*PROVIDED DATA*
*** Begin section ***
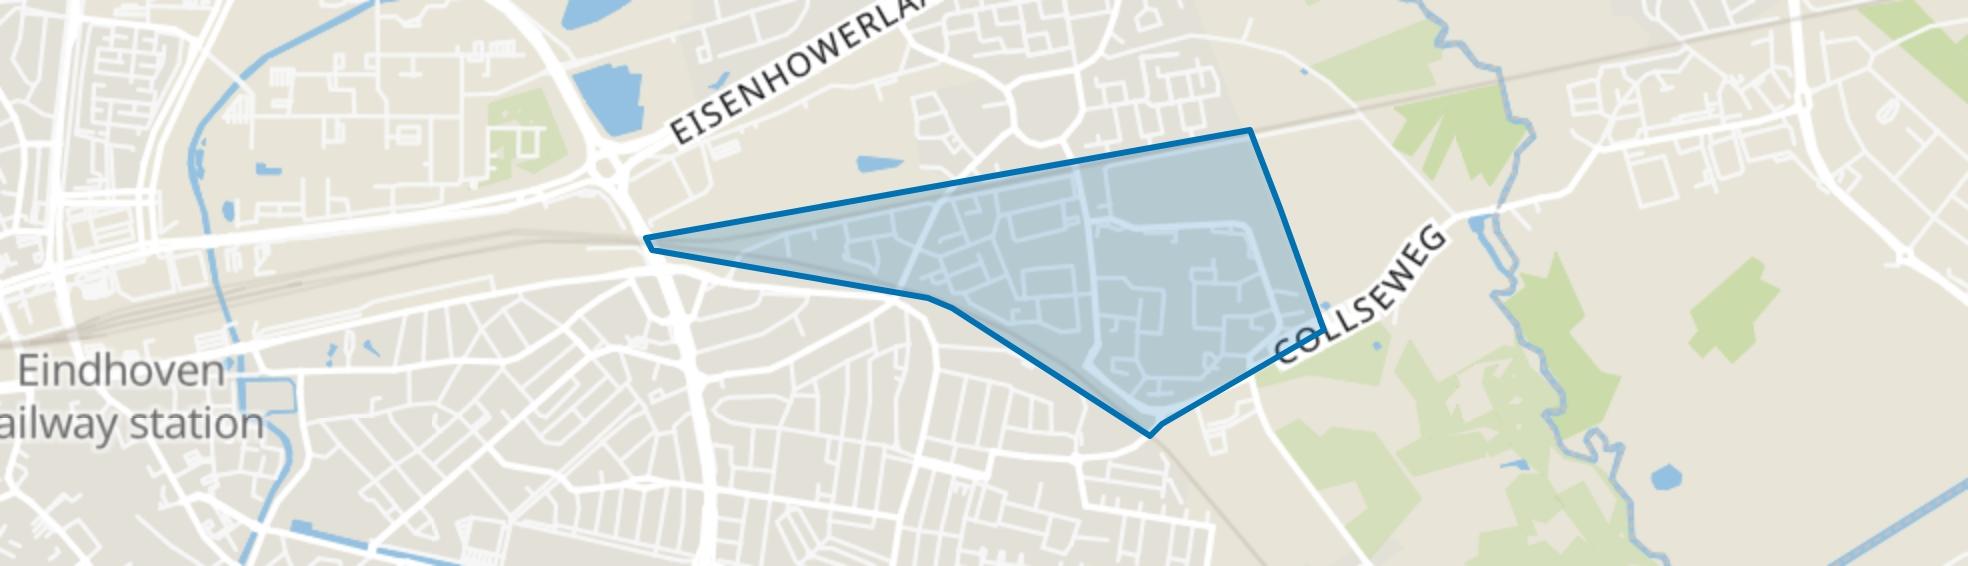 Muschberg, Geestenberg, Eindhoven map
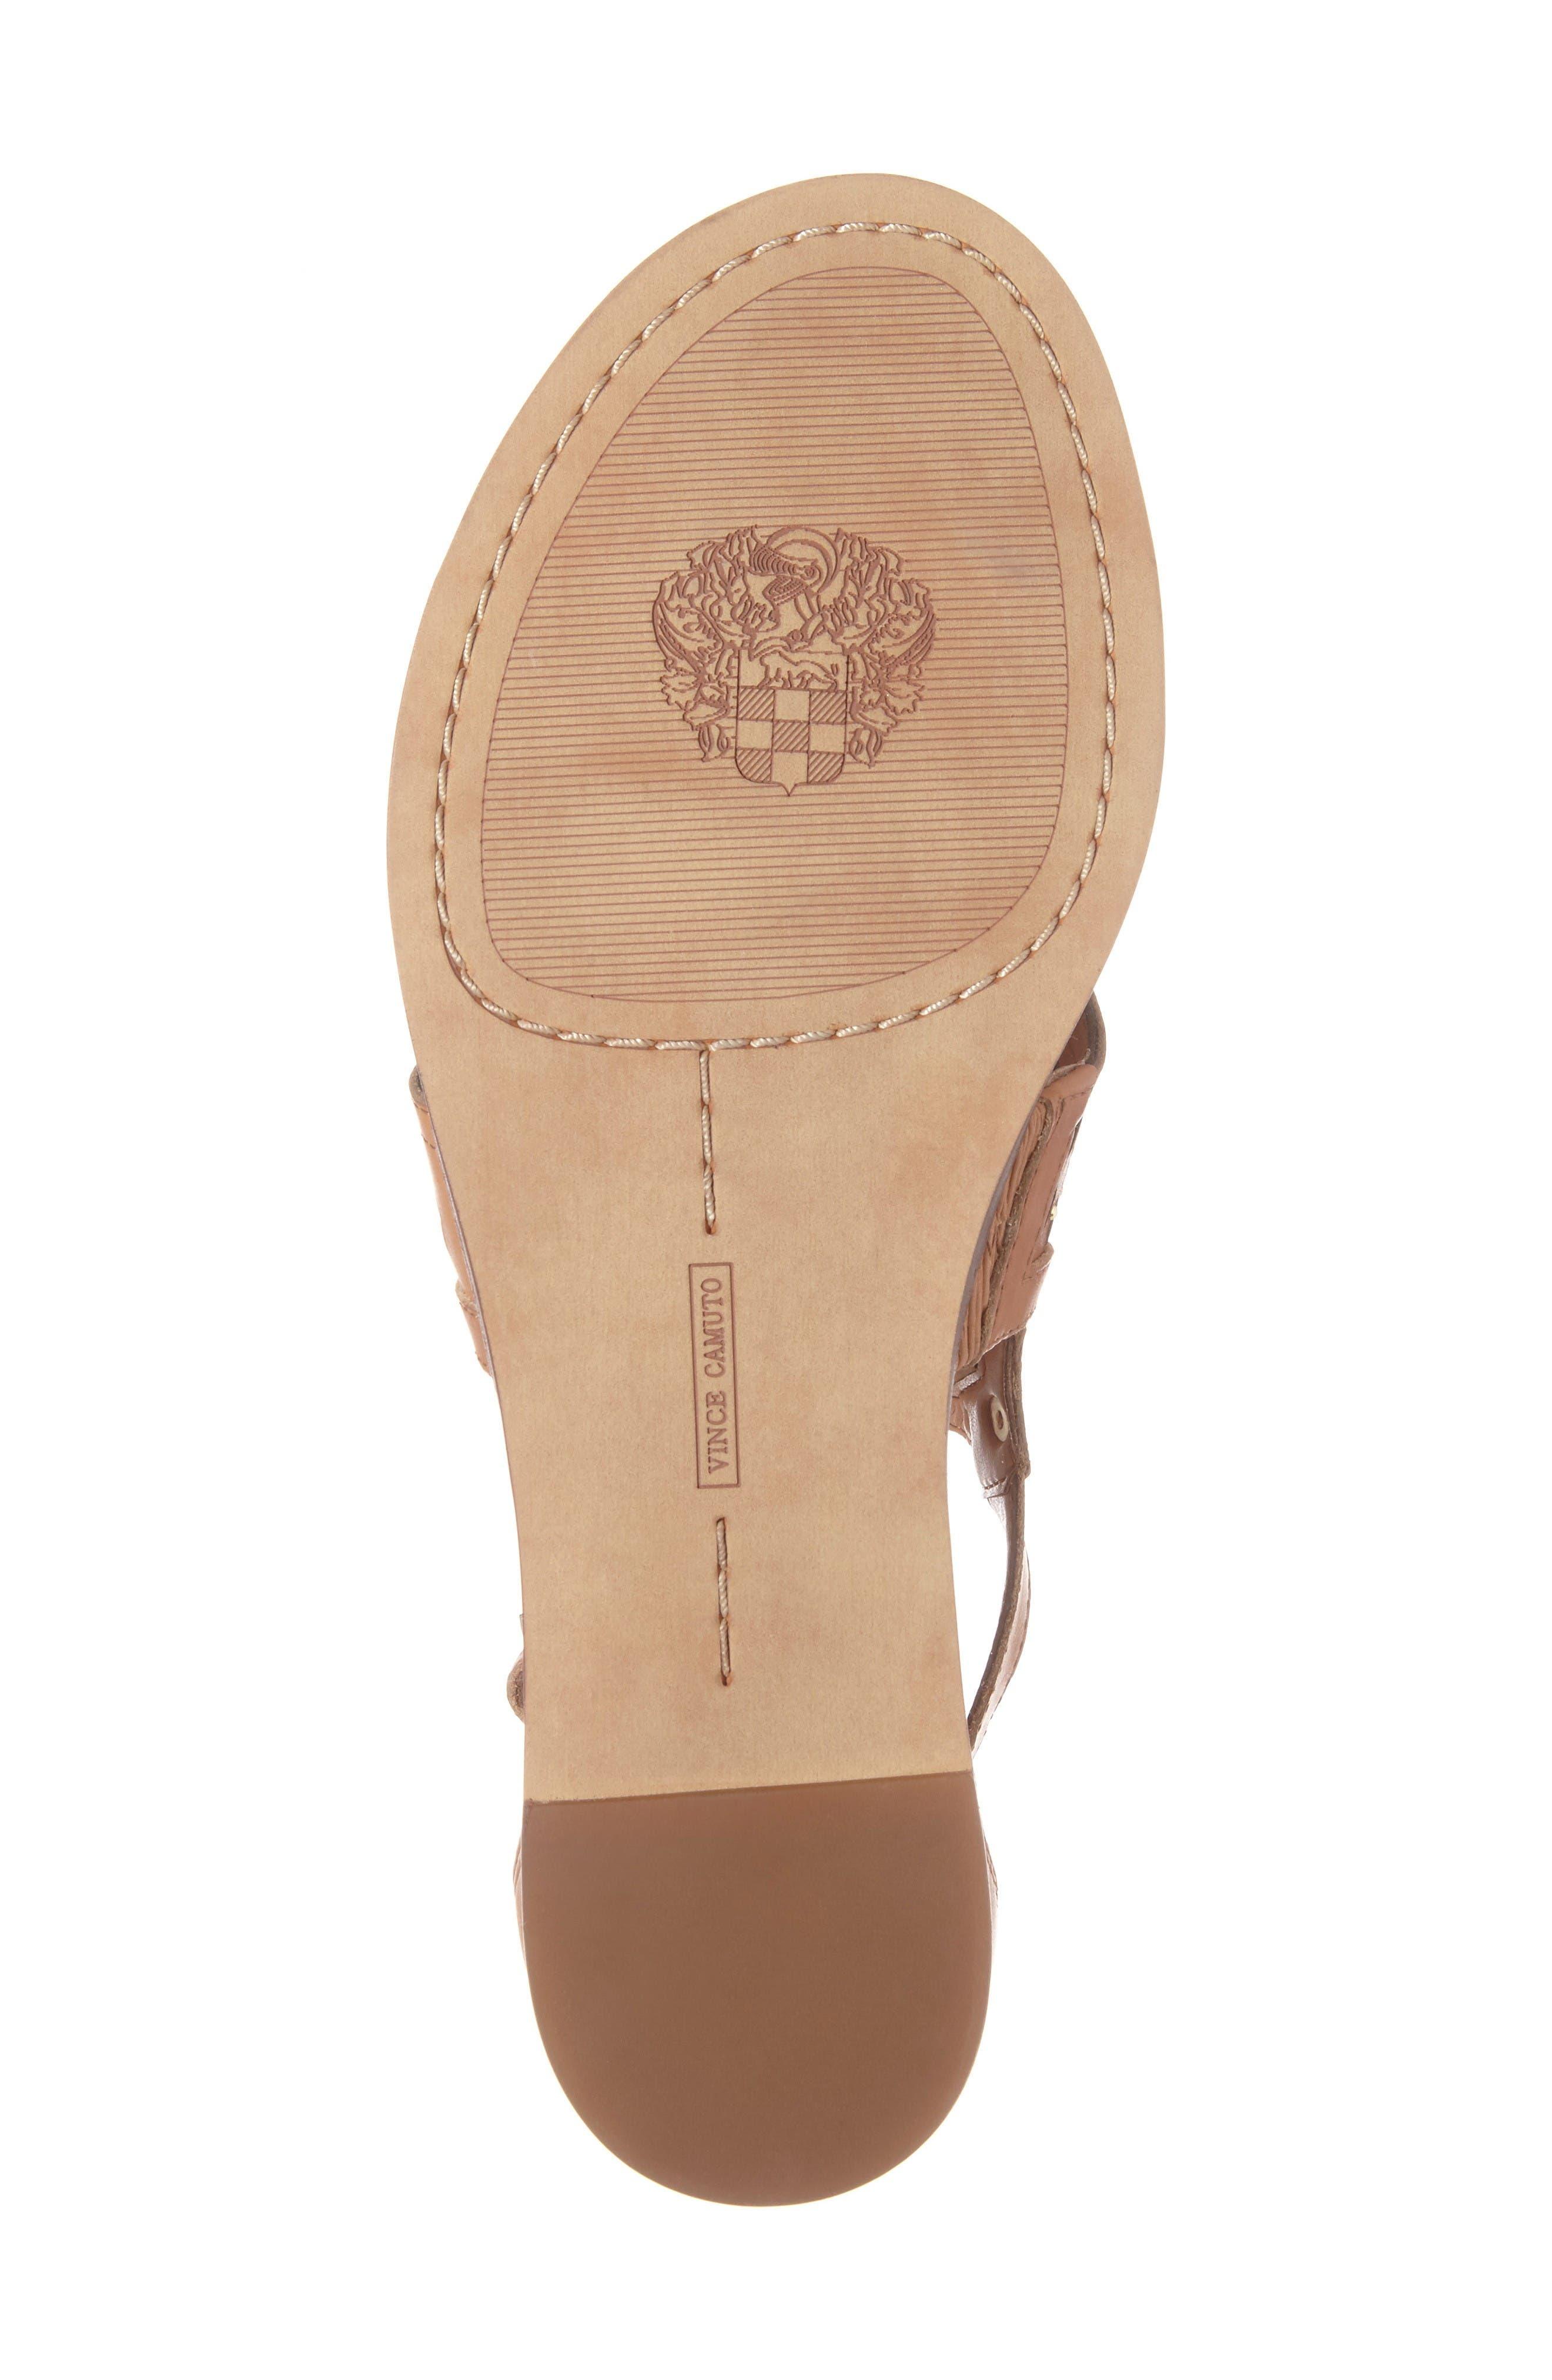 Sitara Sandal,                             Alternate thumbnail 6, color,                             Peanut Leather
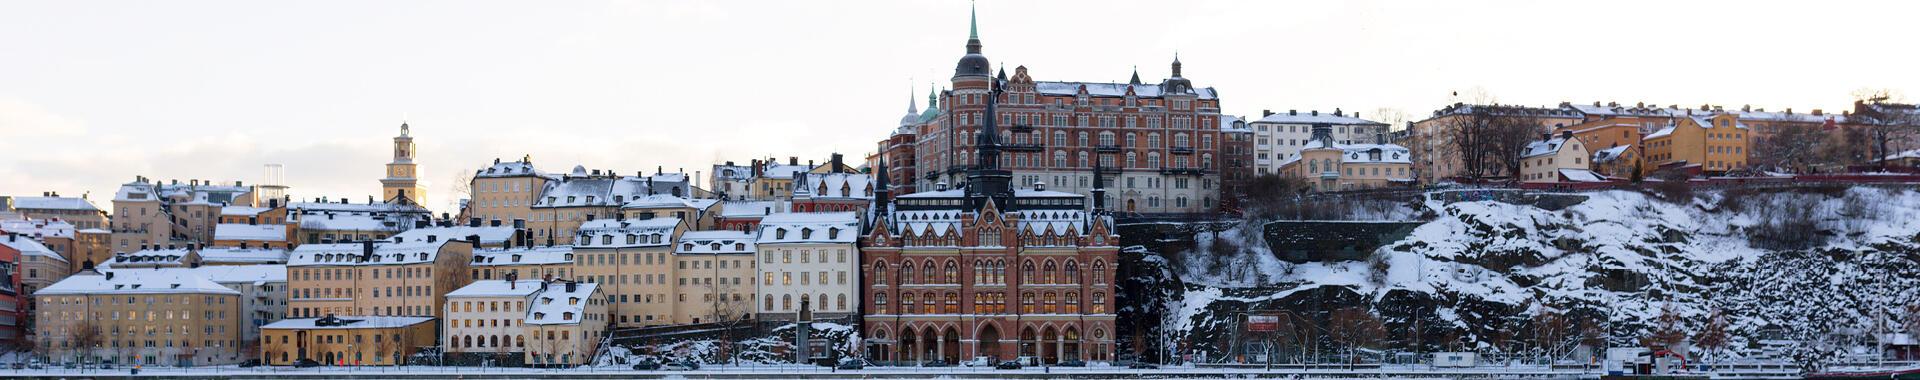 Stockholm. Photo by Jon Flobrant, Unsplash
*** End section ***
*DIRECTIONS*
What you return should match the material line for line, with the images removed.

*EXERCISE ANSWER*
 Muschberg, Geestenberg, Eindhoven map
 Sitara Sandal,                             Alternate thumbnail 6, color,                             Peanut Leather
 Stockholm. Photo by Jon Flobrant, Unsplash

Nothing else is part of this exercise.